▸ **Problem requirements**: Could you say how many lines below contain the word "Stock"? Give the number with no other text.

(Data shown begins)

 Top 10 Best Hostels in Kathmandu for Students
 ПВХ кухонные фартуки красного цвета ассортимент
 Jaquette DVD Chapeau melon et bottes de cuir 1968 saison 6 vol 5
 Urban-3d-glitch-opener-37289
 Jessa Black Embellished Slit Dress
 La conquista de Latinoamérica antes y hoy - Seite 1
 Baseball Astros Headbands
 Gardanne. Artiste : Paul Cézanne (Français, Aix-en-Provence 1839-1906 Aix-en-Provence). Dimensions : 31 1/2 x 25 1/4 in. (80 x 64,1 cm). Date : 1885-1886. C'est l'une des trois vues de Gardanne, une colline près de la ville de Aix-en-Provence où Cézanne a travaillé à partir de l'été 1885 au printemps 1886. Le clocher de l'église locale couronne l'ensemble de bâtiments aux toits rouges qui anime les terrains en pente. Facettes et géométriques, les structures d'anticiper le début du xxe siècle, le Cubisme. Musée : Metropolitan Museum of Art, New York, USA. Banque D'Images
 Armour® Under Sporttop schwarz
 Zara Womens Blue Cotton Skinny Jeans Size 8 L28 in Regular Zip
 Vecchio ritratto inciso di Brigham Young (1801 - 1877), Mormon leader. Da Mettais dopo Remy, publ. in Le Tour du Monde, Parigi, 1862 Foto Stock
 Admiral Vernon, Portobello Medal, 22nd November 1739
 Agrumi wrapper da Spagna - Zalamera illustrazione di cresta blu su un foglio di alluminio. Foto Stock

(Data shown ends)

▸ **Answer to the exercise**: 2